На том и расстались. Ведь нам и в самом деле пора было возвращаться в студию, чтобы вновь приняться за конструирование человеческих моделей, их характеров, их судеб в потоке свежеиспеченного телесериала, требовавшего себе в жертву все больше и больше жизни.

 

Стандартный интерьер современного офиса: пластиковые панели, подвесной потолок из гипсокартона со встроенными точечными светильниками, пол из ламинированных плит, в углу крохотный фонтанчик в белой пластиковой вазе, увитой пластмассовыми листьями и цветами. За широким серым столом с непременными компьютером, принтером, факсом, двумя телефонами и еще какой-то канцелярской мелочью восседает Гариф Амиров. Несмотря на близкое соседство сразу с двумя телефонными аппаратами, в руках он держит черную коробочку мобильного телефона, тыкая пальцами в крохотные кнопки, набирает номер. Но, так и не закончив эту операцию, делает сброс, отшвыривает чудное модное устройство на стопку каких-то бумаг и вперивается взглядом в окно. За окном с белой металлопластиковой рамой вовсю идет дождь.
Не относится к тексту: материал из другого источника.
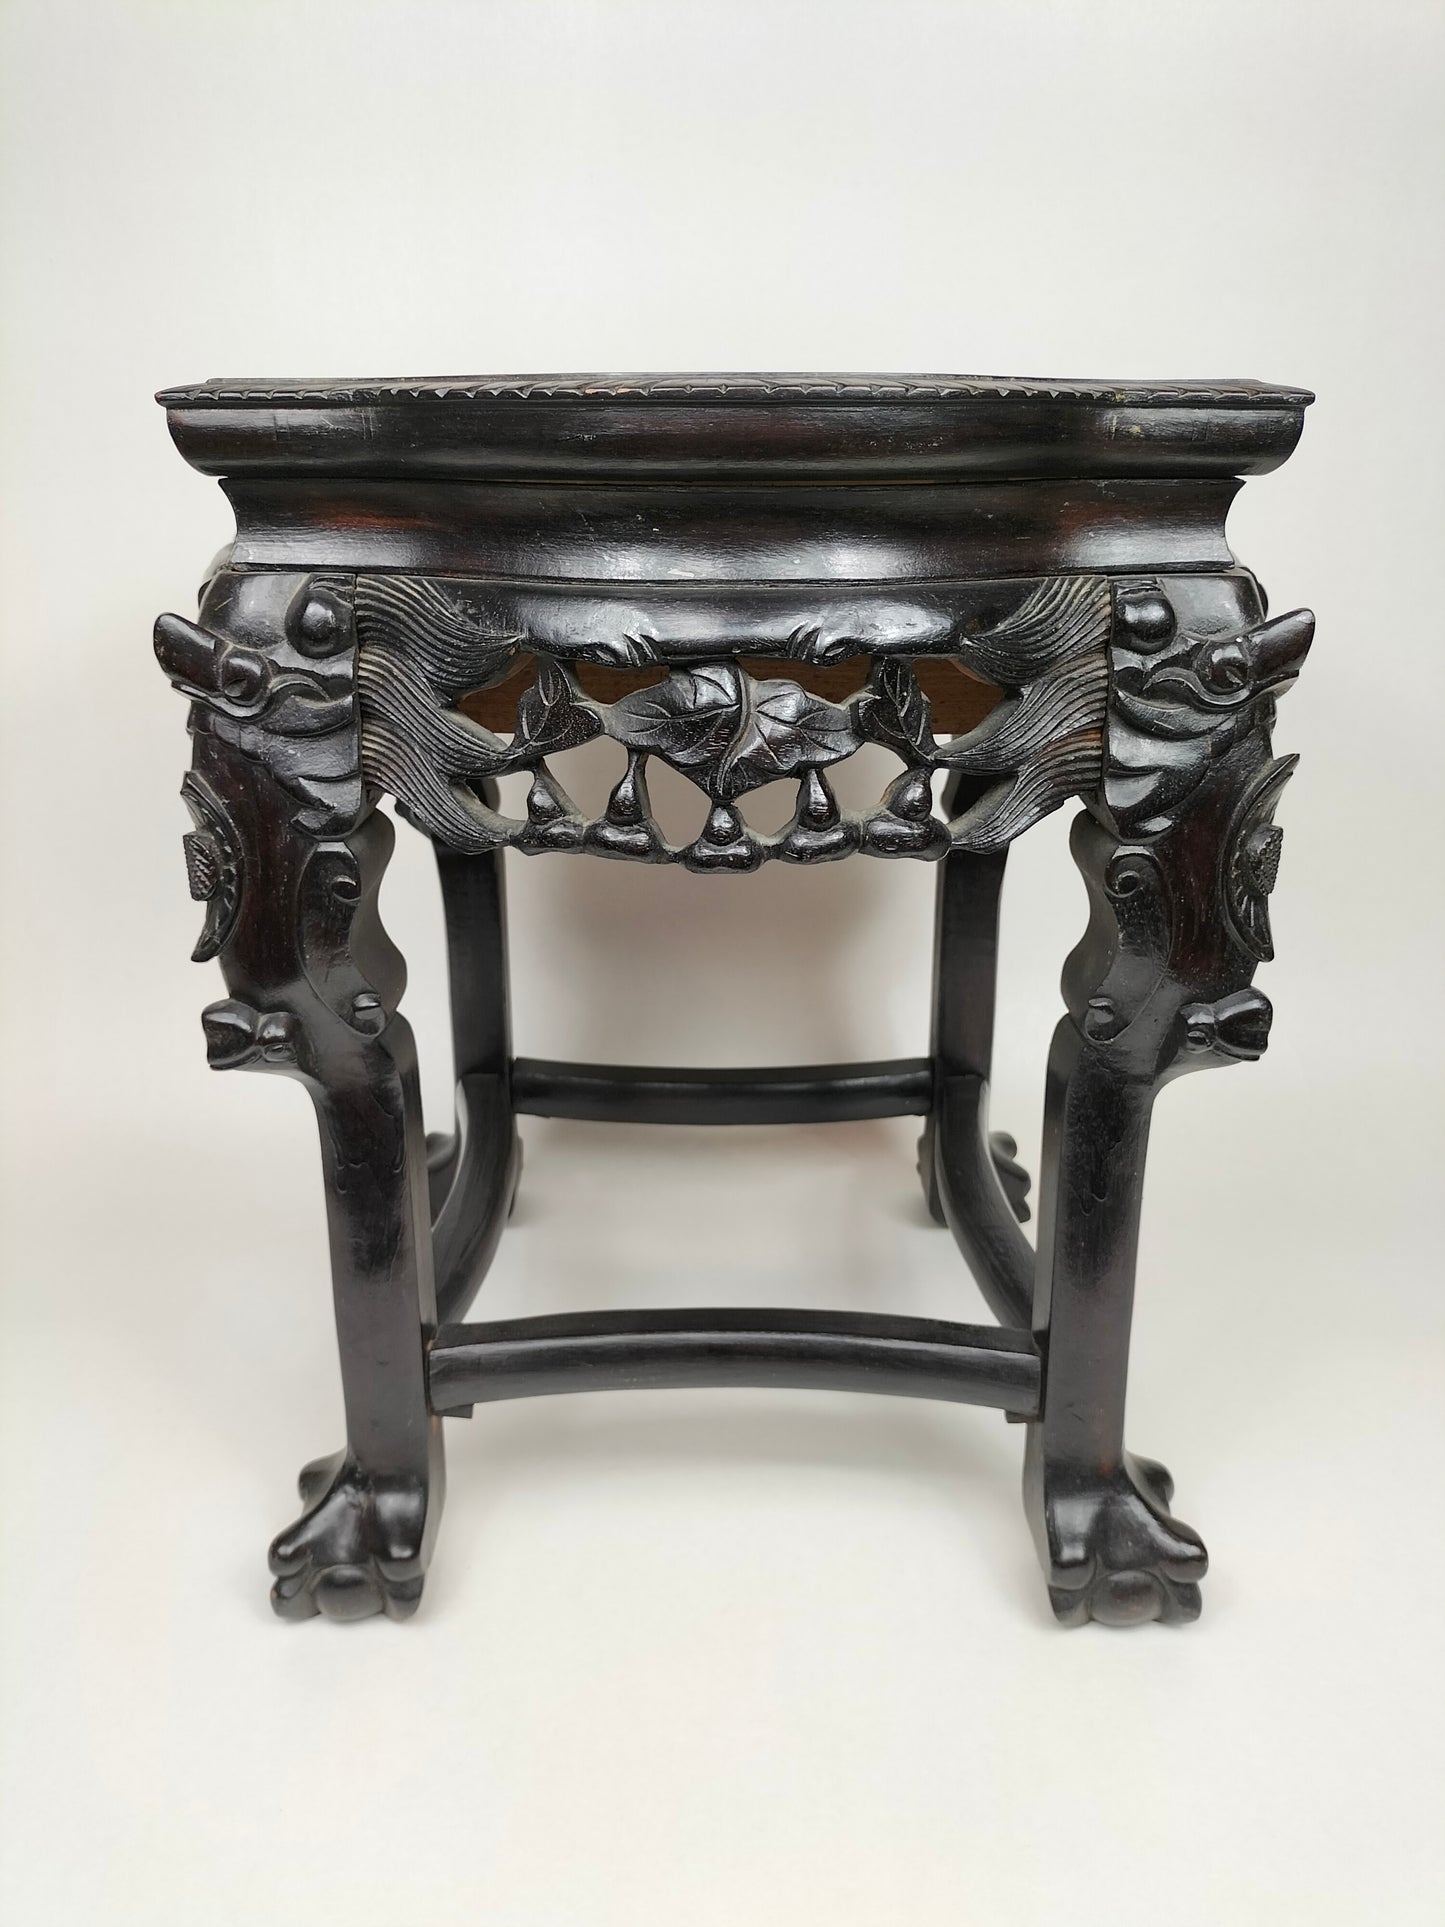 Antique Chinese side table inlaid wih a marble top // Early 20th century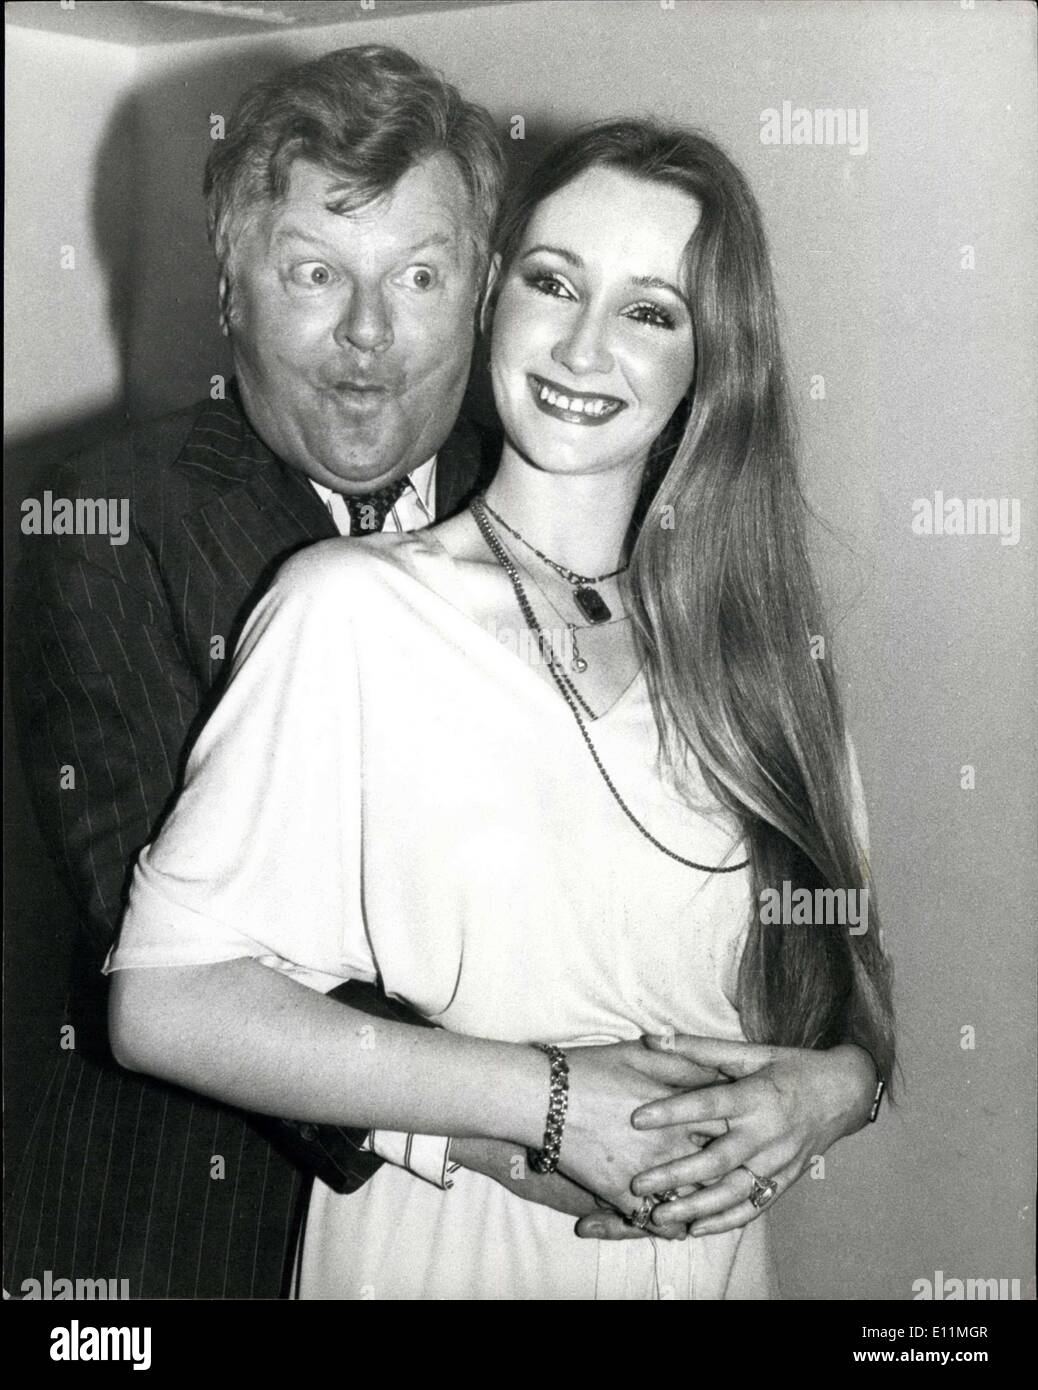 Feb. 05, 1979 - Benny Hill ITV personality of 1979: ITV Personality for 1979: Benny Hill for his Benny Hill show series and success in America, was named at the 28th annual Show Business Awards luncheon at the Savoy Hotel today. Photo shows Benny Hill puts his arms around Karen Dotrice, voted film actress of the year for her performance in ''The 39 steps'' during the luncheon at the Savoy Hotel today. Stock Photo

Журчит, льется вода за окном. Журчит вода в маленьком фонтане в углу. Гариф замер, точно уснул, но глаза его открыты, хоть и абсолютно недвижны.
В этой сонной будто бы умиротворенности внезапным выстрелом раздается мелодичная трель мобильного телефона, — изувеченная механикой цитата из «Кающегося Давида» Вольфганга Амадея. Гариф вздрагивает, молниеносно схватывает аппарат.
— А, это ты… Здорово! Почему это? Очень рад. В какую еще сауну?! Да нет, не пойду я никуда. Да что я, блядей не видел? Я рад за вас. Ну, может, у этих ваших таиландок щель поперек будет. Нет, не пойду. Какой долг? Нет, почему же, помню, конечно. Через пару дней все и отдам. Нет, знаешь, давай в пятницу. В пятницу — верняк. Все до цента. Я не спорю, это последний срок. Нет, что-то меня ломает, не пойду. Нет. Ну, давай. Успешно порезвиться!
С видимой досадой он вновь бросает телефон на стол. Но тут же вновь хватает его и, с каким-то ожесточением давя на кнопки, набирает номер.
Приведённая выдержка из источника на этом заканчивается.